Только под утро Старый Доктор, «ля докторесс», сестра и санитар Жан-Клод уходят спать. Спать осталось немного. В половине восьмого завтрак, так что встать им надо еще раньше. Потом прием, хозяйственные работы, операции. Потом дневной отдых. Потом снова прием, снова хозяйственные работы. И наконец, свободное время: доктор работает у себя за столом. Потом ужин. Ужин начинается, когда все в сборе, кроме тех, кого задерживают неотложные дела. Именно в этот час нам лучше всего рассмотреть нынешнее Ламбарене — Ламбарене 1956 и 1957 годов. Талантливый молодой дантист Фредерик Фрэнк и гостивший в Ламбарене американский публицист Норман Казинс дали в своих книгах неплохое описание больничной столовой. Здесь за длинным столом стоят две дюжины красивых европейских стульев крестьянского фасона, скопированных старым плотником-африканцем. На столе, накрытом безупречно белой скатертью, среди блюд — серые и синие глиняные кувшины с водой. Пища простая, питательная и вкусная. Зажигают лампы. Потом собираются врачи. Доктор Швейцер приходит прямо из-за письменного стола, когда все в сборе. Он направляется к своему месту, сидит, сложив руки, и ждет, пока все сядут на свои места. Наконец все уселись, доктор прочел кратенькую молитву, все начали есть и разговаривать. Разговор течет за столом свободно, иногда вспыхивает смех. Доктор делает в начале ужина сообщение:
— Должен известить вас, что цивилизация во всем блеске своей славы пожаловала в Ламбарене. Сегодня всего в километре от больницы произошла первая автомобильная катастрофа. Во всей округе только два автомобиля, но сегодня произошло неизбежное: они столкнулись, и нам пришлось оказывать первую помощь шоферам. Если здесь есть человек, испытывающий уважение к автомобилям, он мог бы заняться и автомобилем.

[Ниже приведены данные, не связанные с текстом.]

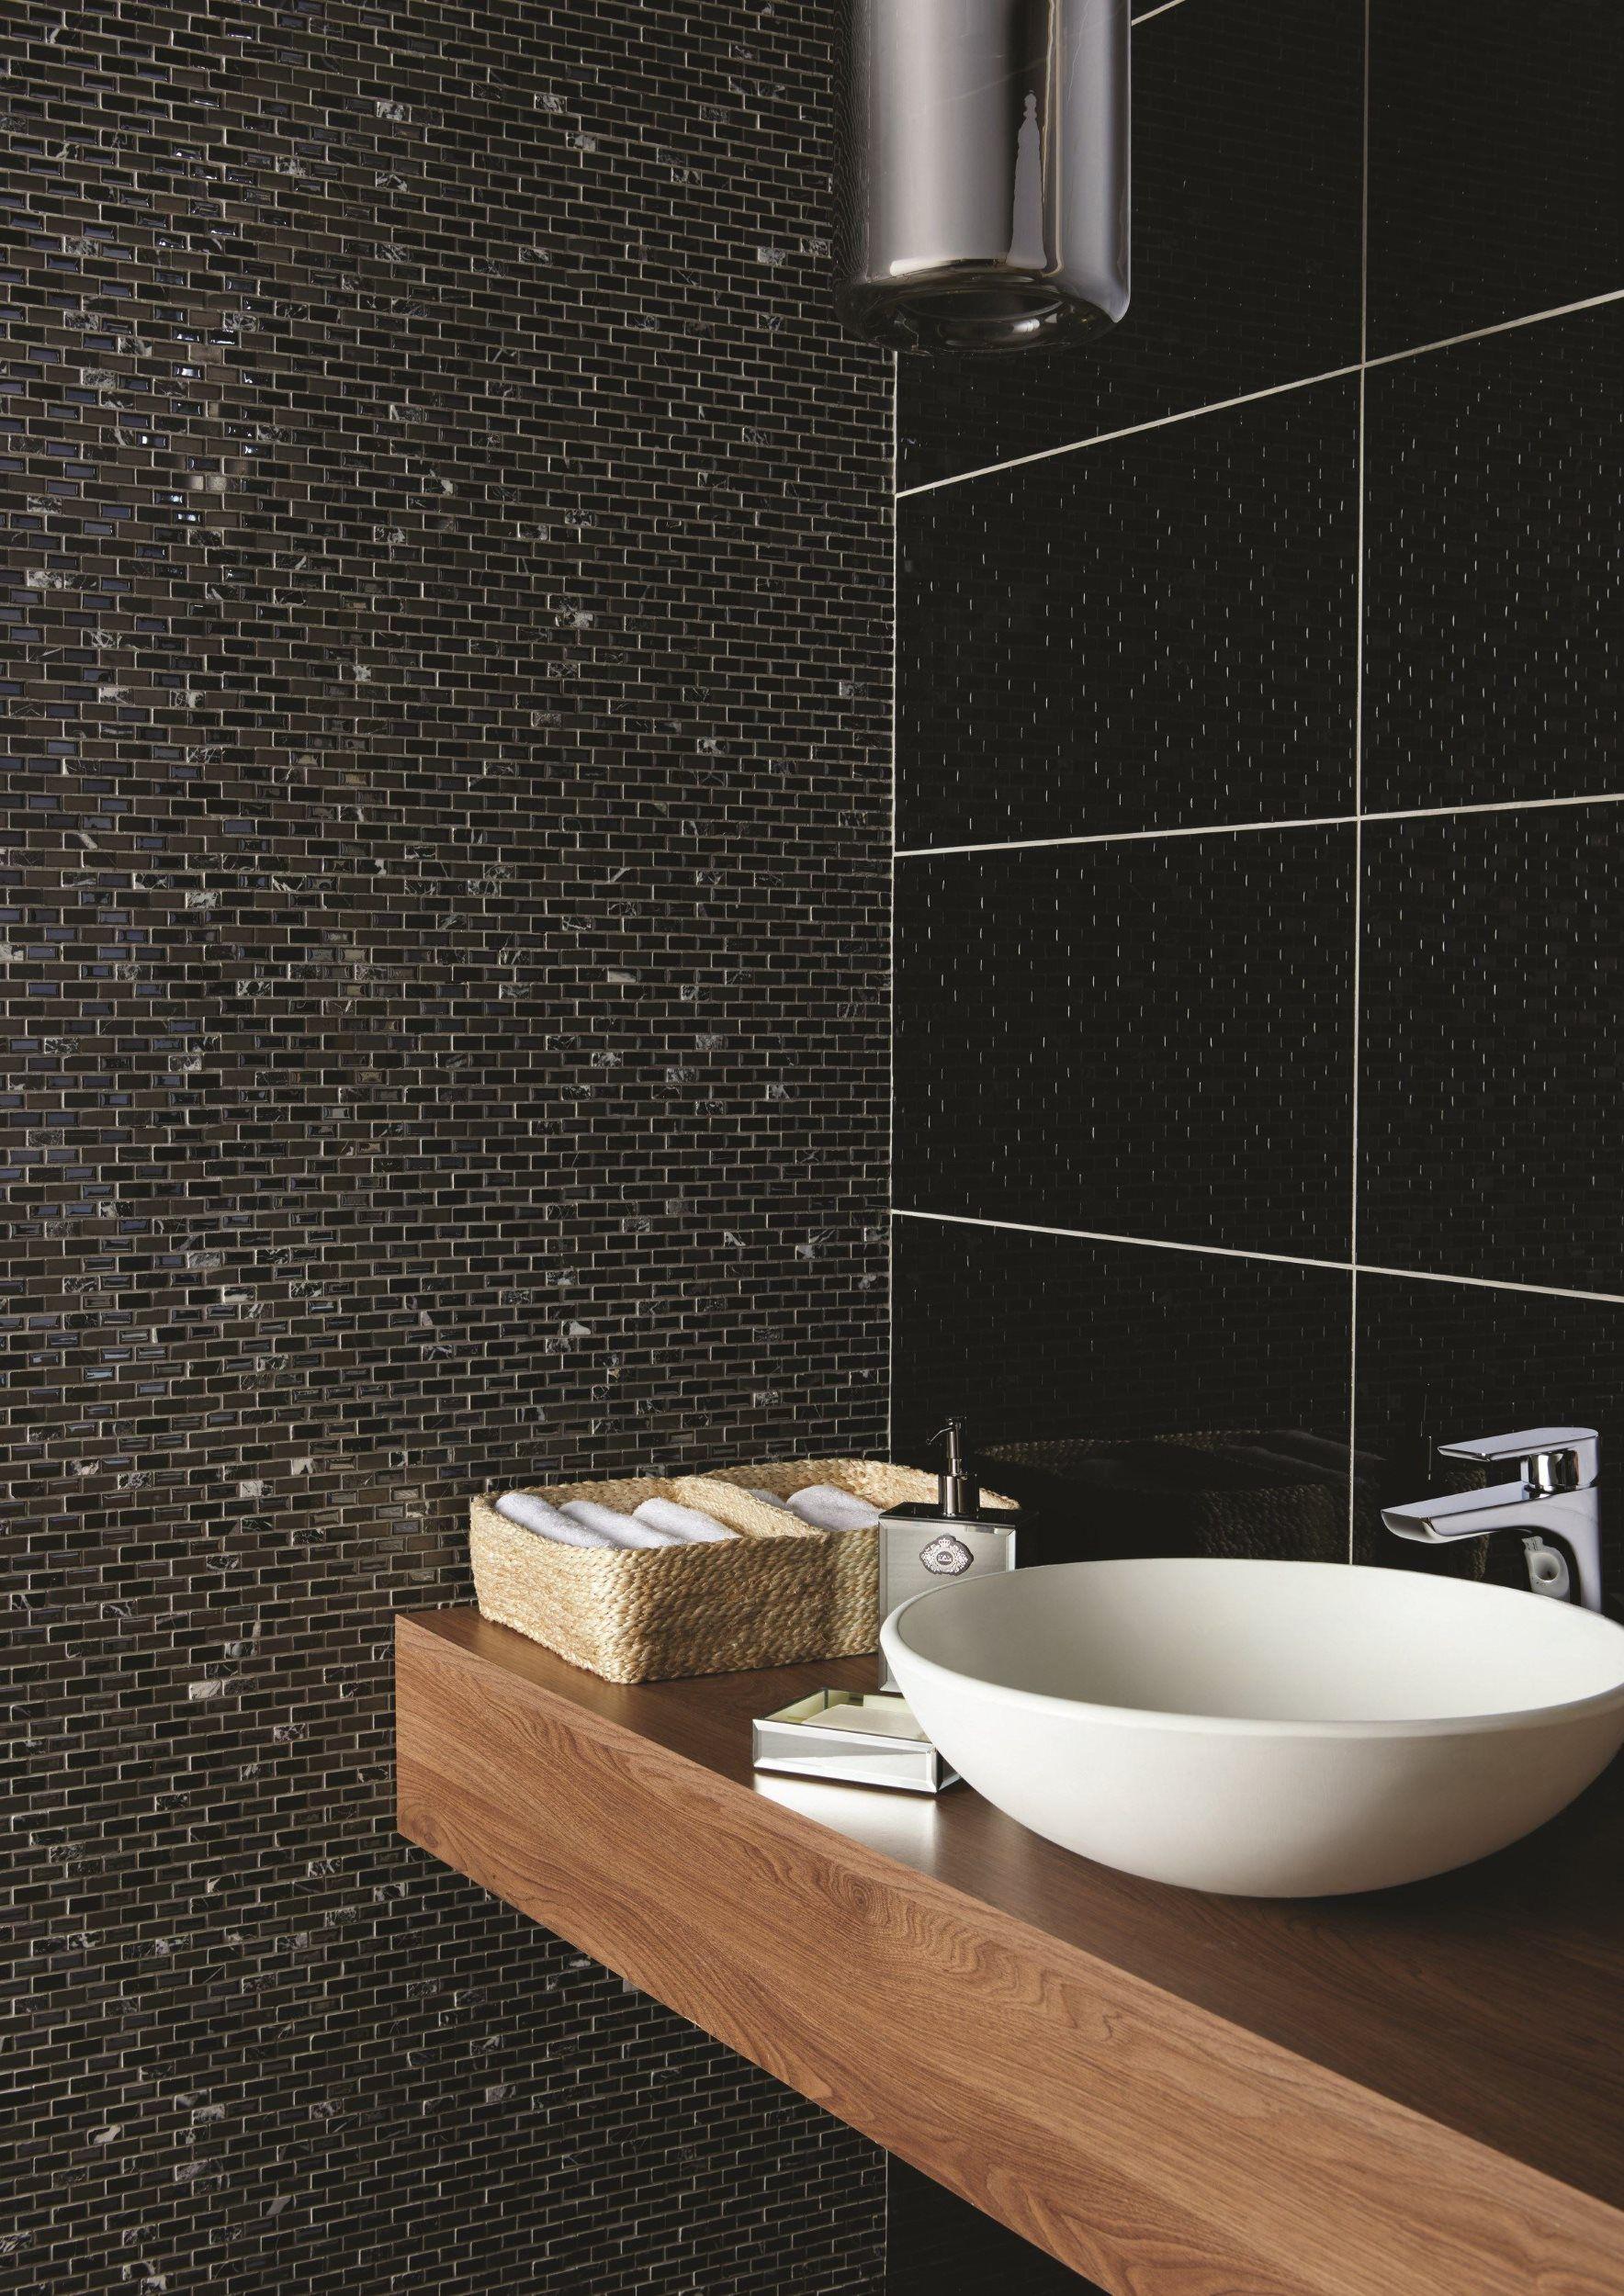 Kauali brickbond mosaics feature a fix of stone, metal and glass ...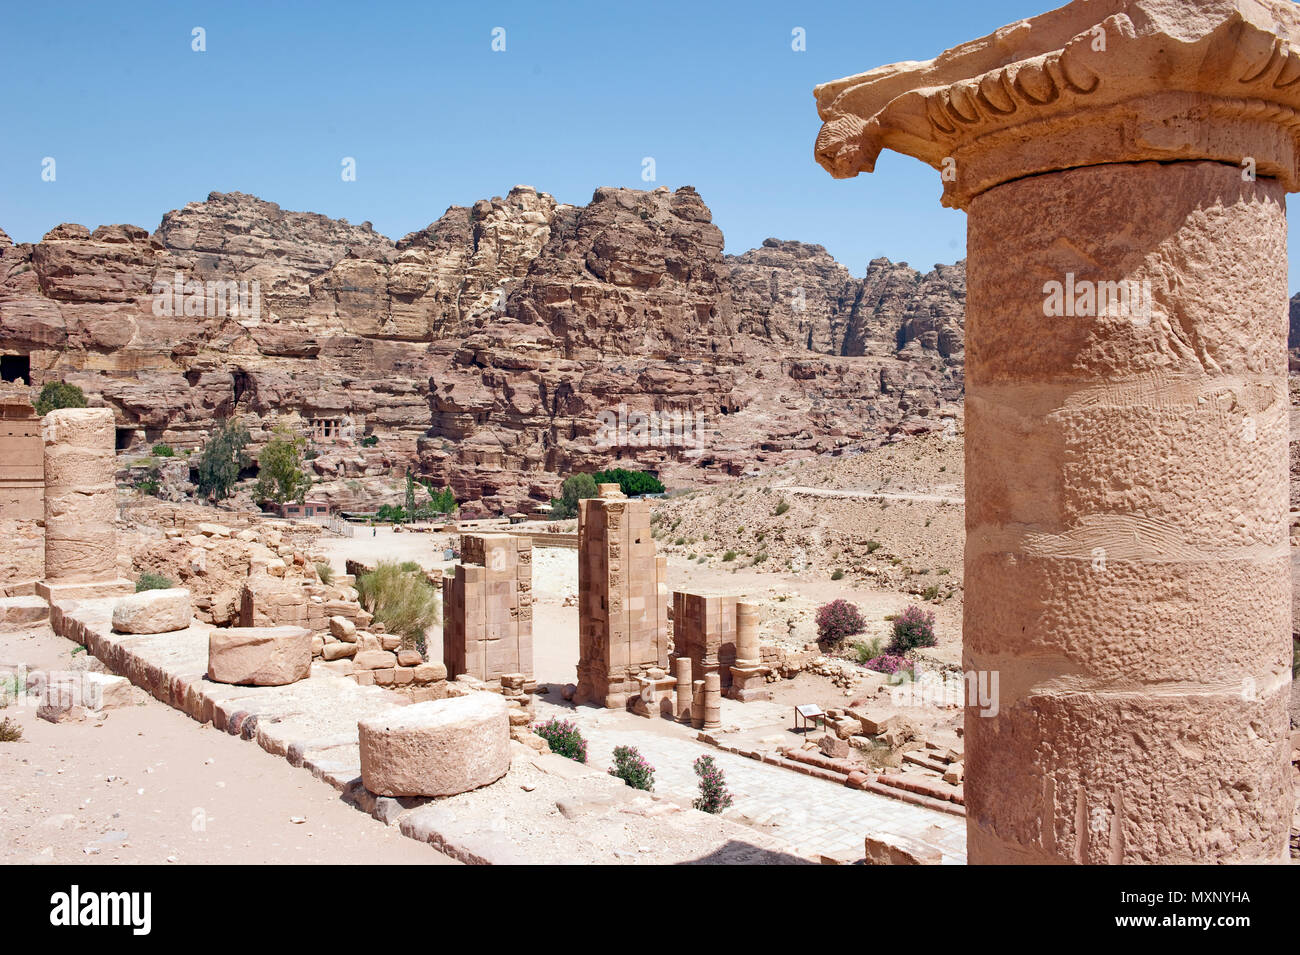 Great temple, Petra, Jordan, Asia minor | Grosser Tempel, Petra, Jordanien, Kleinasien Stock Photo

Доктор ест с аппетитом, часто просит добавки. Однако, прежде чем взять себе еще, осматривает стол из-под густых бровей. Он хочет порадовать того, кто покажется ему особенно голодным. Отрезав пол-ломтика ананаса или кусок рыбы, он пододвигает счастливчику и говорит: «Это для вас». Фрэнк пишет, что это отеческое приказание. Однажды, когда Фрэнк покончил с едой, доктор вспомнил, что его дантист очень любит чечевичный суп. «Я получил из его порции честно отмеренную половину, — пишет Фрэнк. — Я действительно очень люблю чечевичный суп, и я высоко оценил этот знак внимания, но мне, право же, трудно было доесть суп после фруктового салата...»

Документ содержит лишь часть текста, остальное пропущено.